YOUR ASSIGNMENT — Restate the listing below word for word, pictures excluded.

INPUT DATA —
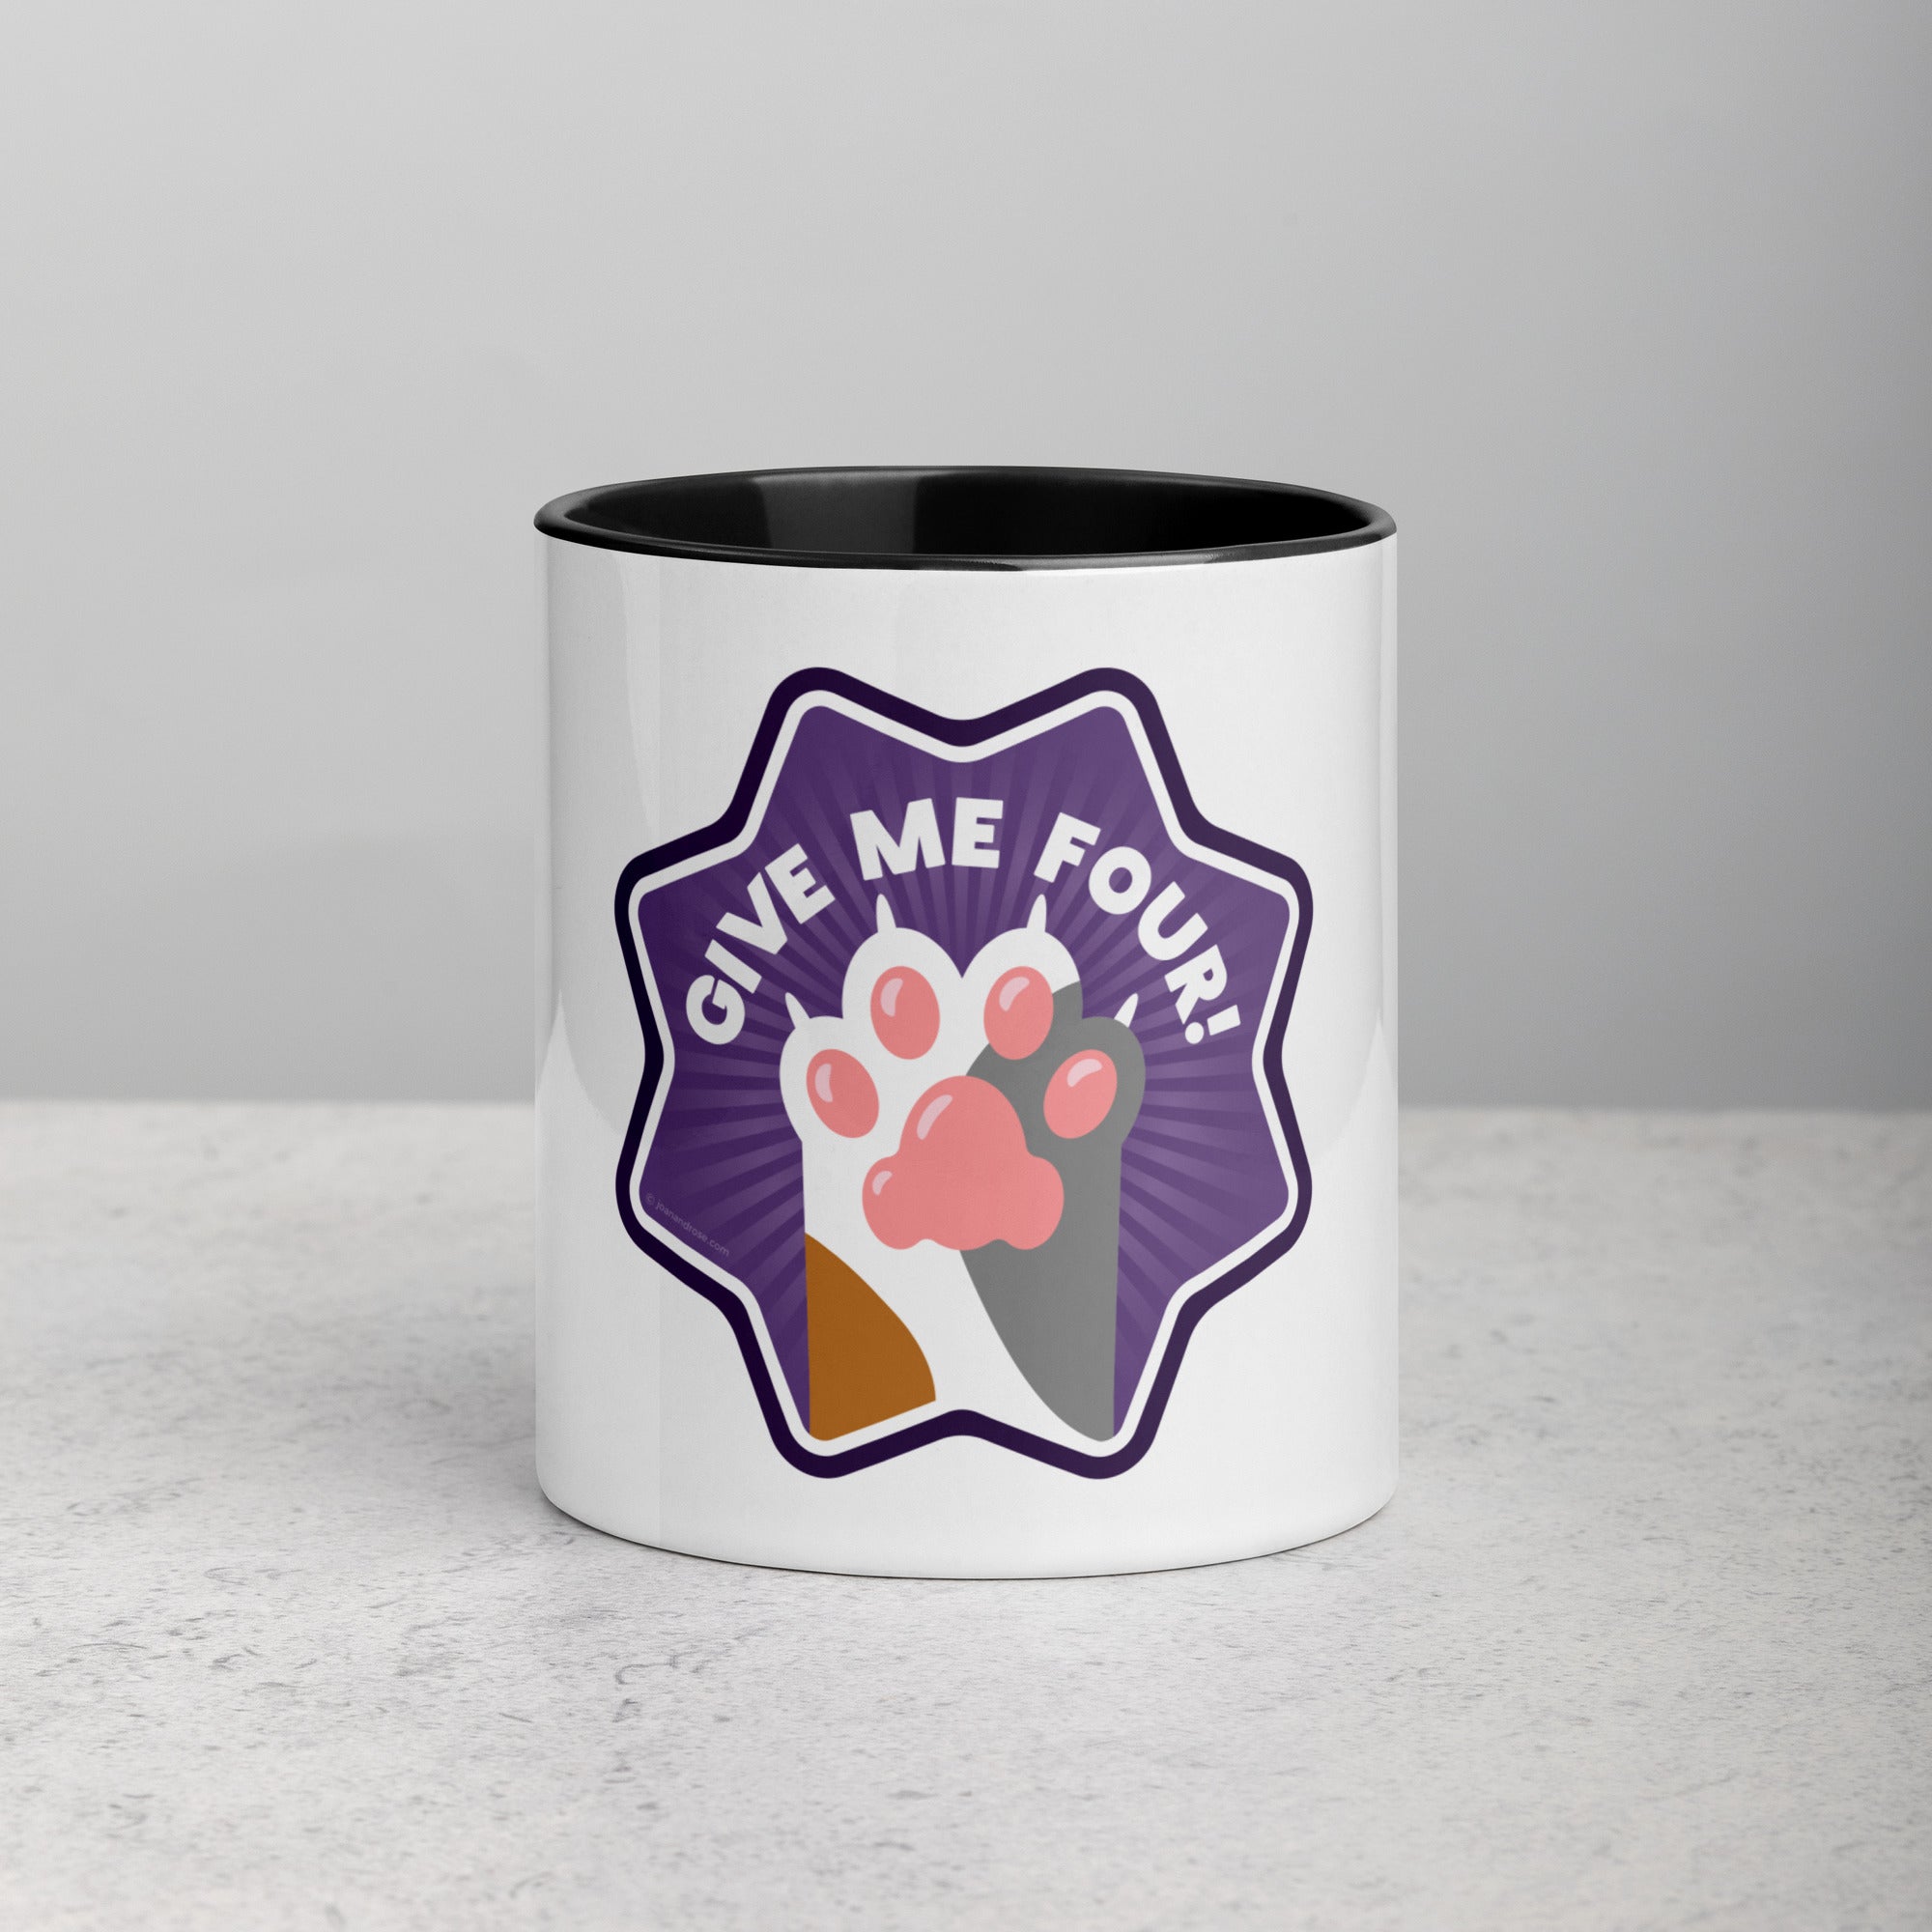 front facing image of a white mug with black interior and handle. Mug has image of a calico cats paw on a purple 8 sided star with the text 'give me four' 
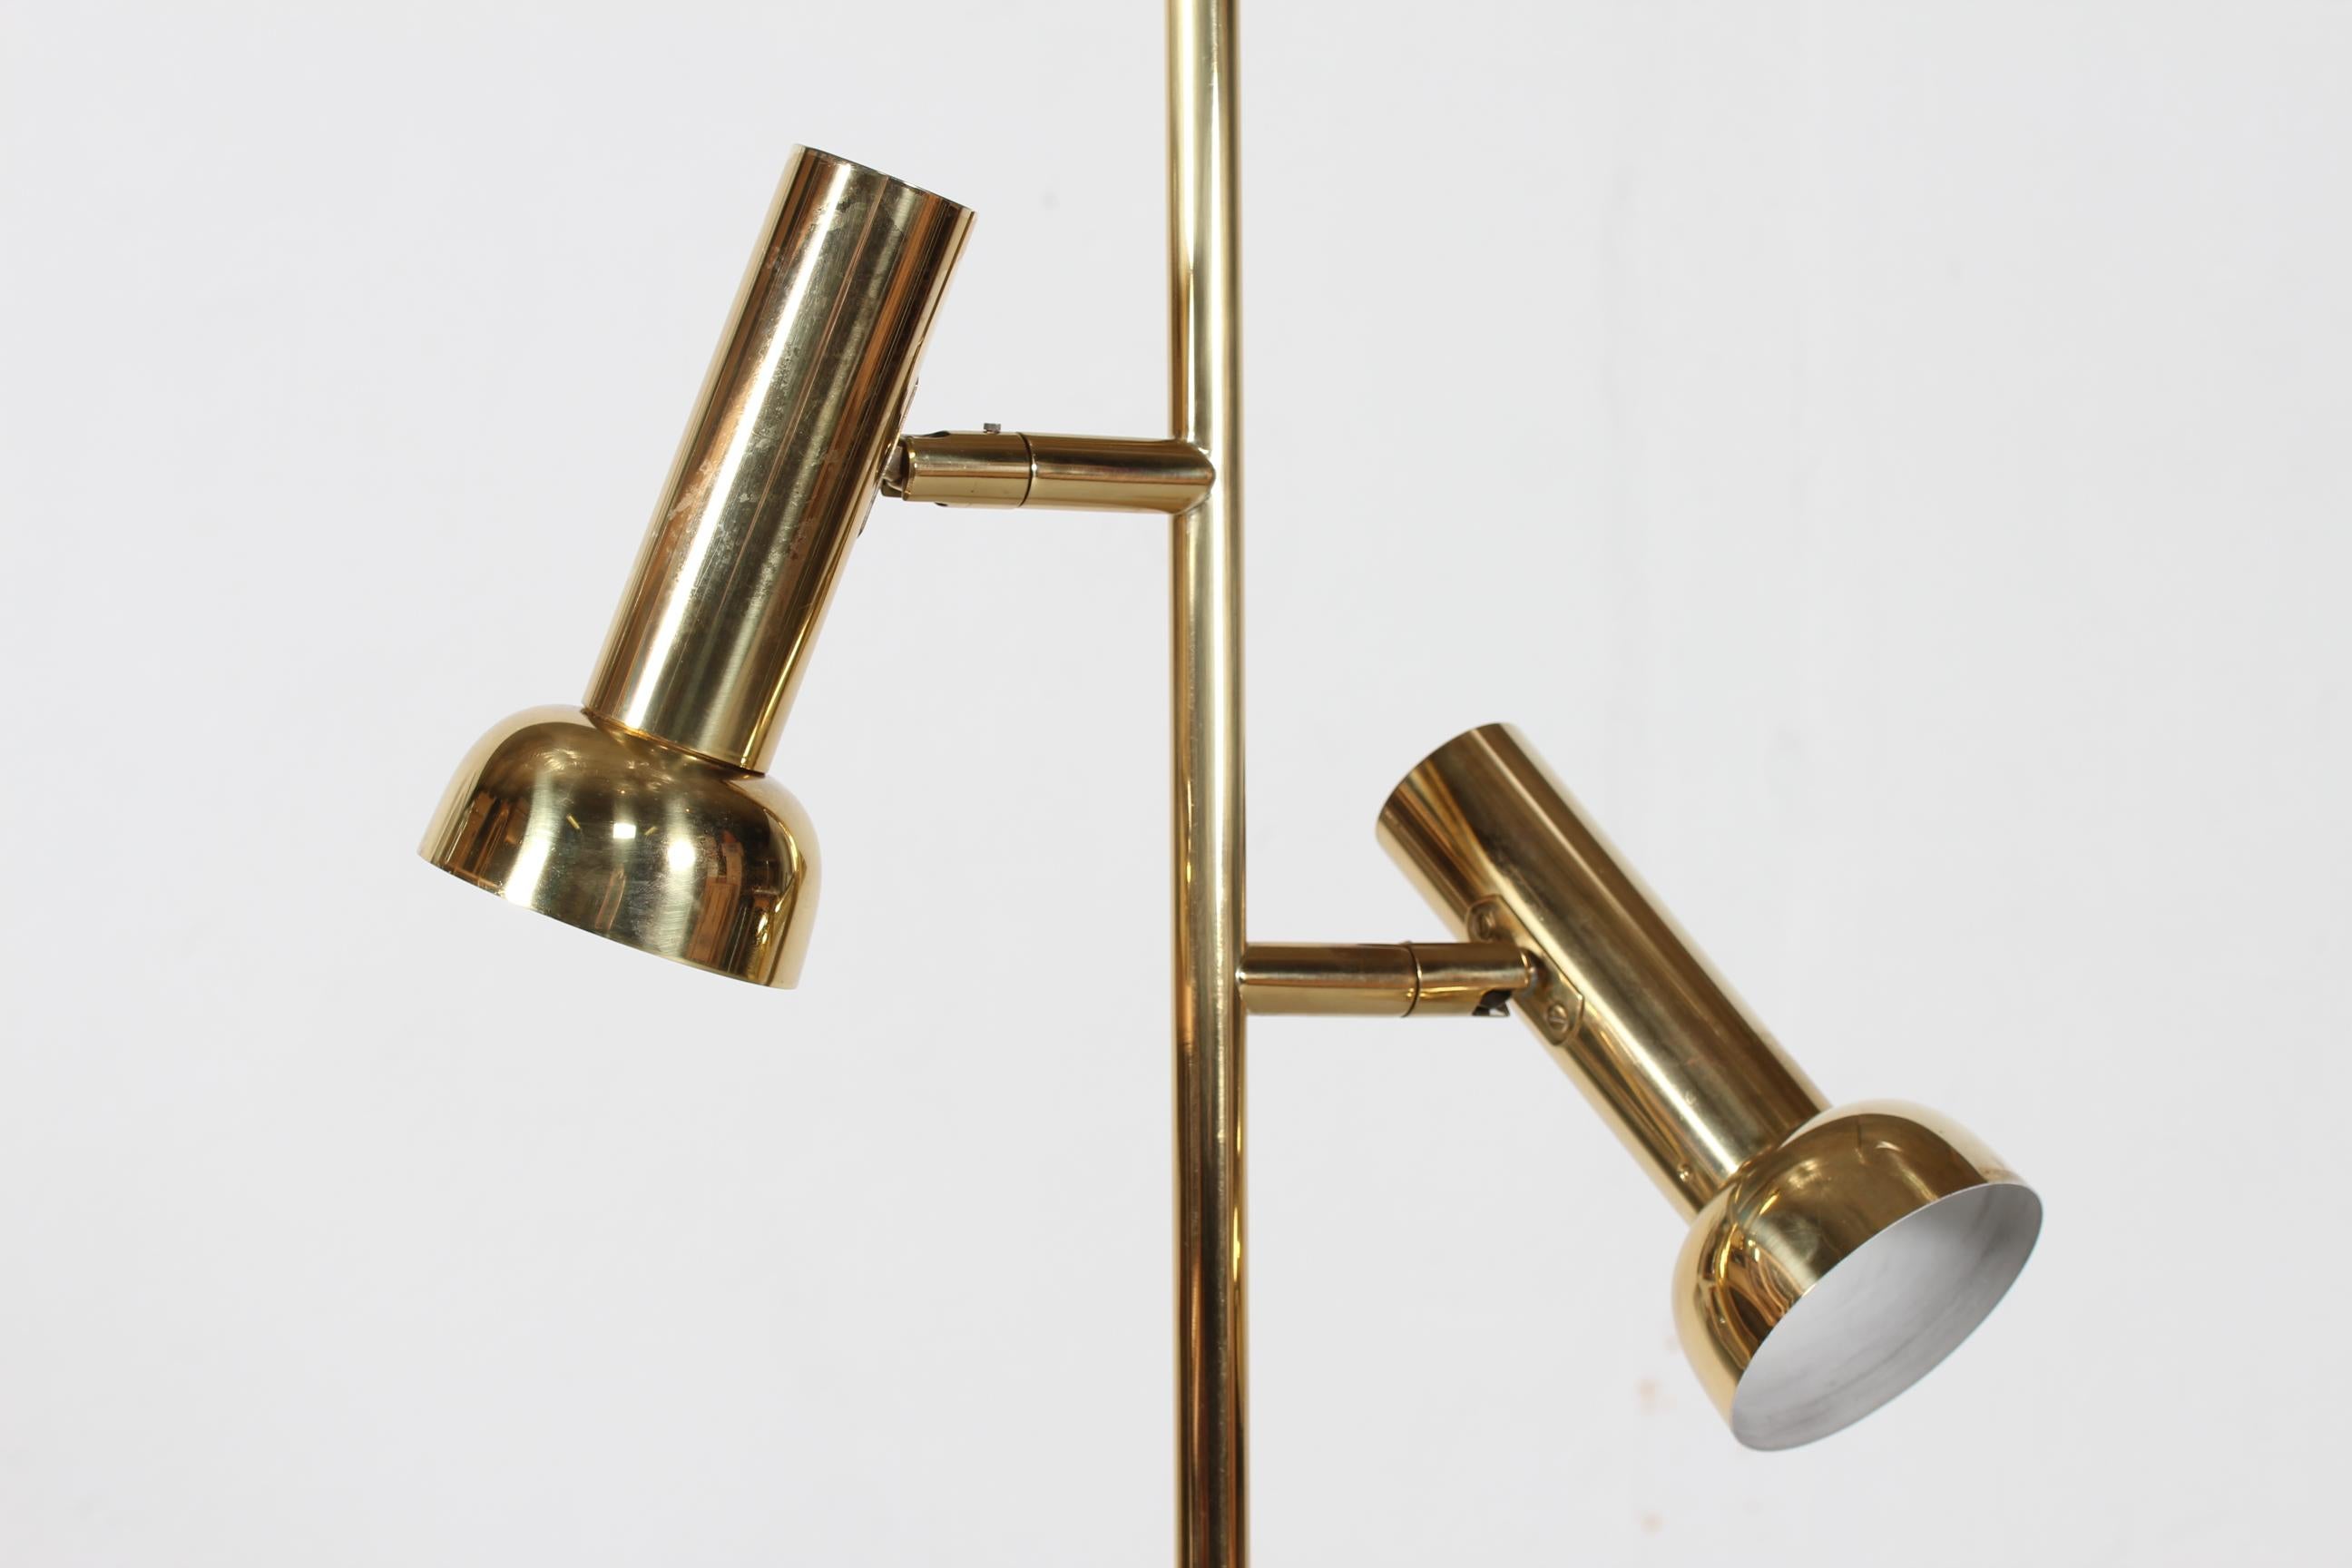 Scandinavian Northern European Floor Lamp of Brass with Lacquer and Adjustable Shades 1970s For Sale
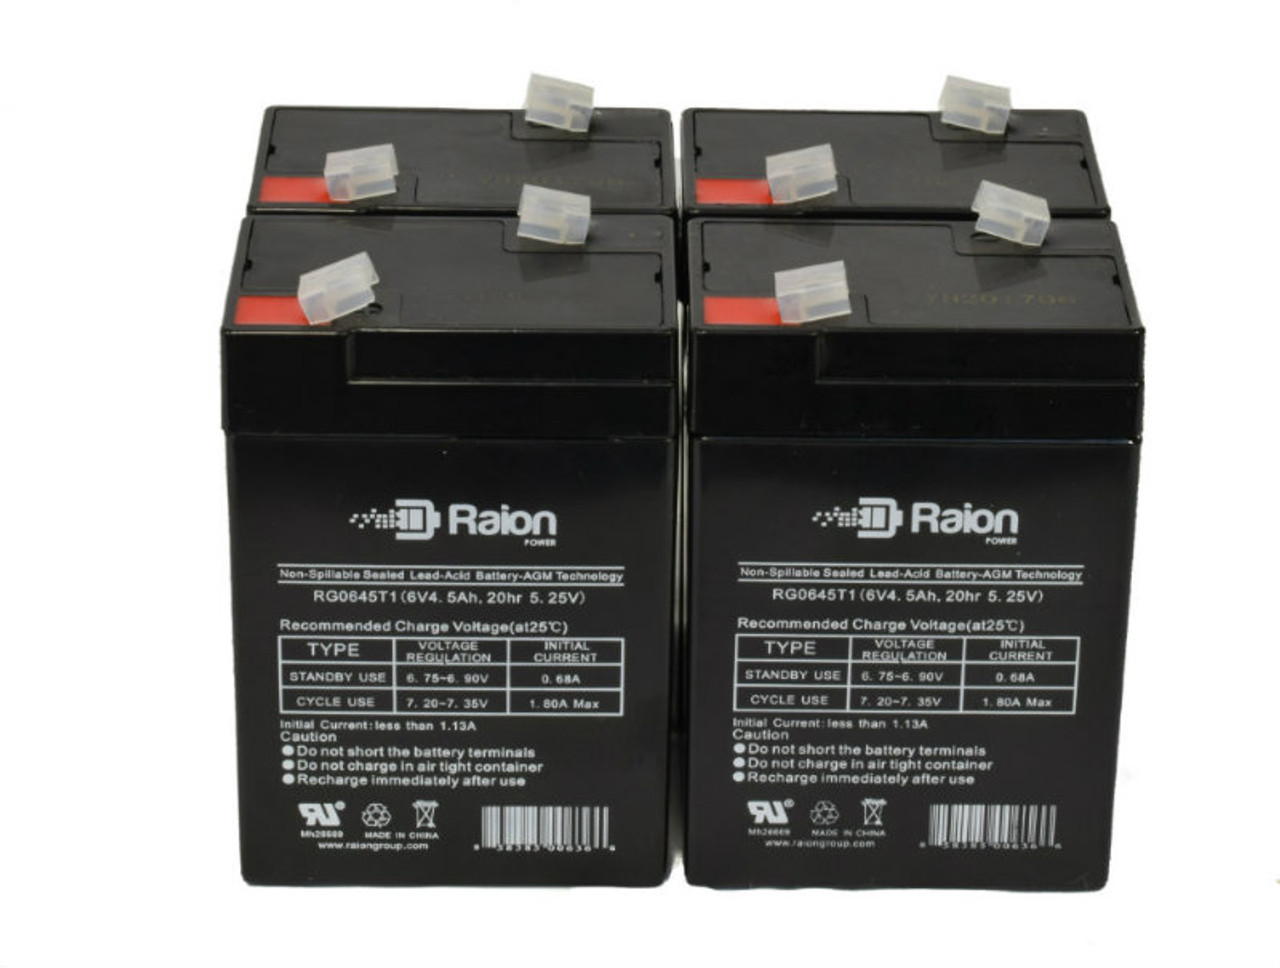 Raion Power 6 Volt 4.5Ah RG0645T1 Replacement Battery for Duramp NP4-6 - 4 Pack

SOLVED EXERCISE —
 front facing image of a white mug with black interior and handle. Mug has image of a calico cats paw on a purple 8 sided star with the text 'give me four' 
 Scandinavian Northern European Floor Lamp of Brass with Lacquer and Adjustable Shades 1970s For Sale
 Raion Power 6 Volt 4.5Ah RG0645T1 Replacement Battery for Duramp NP4-6 - 4 Pack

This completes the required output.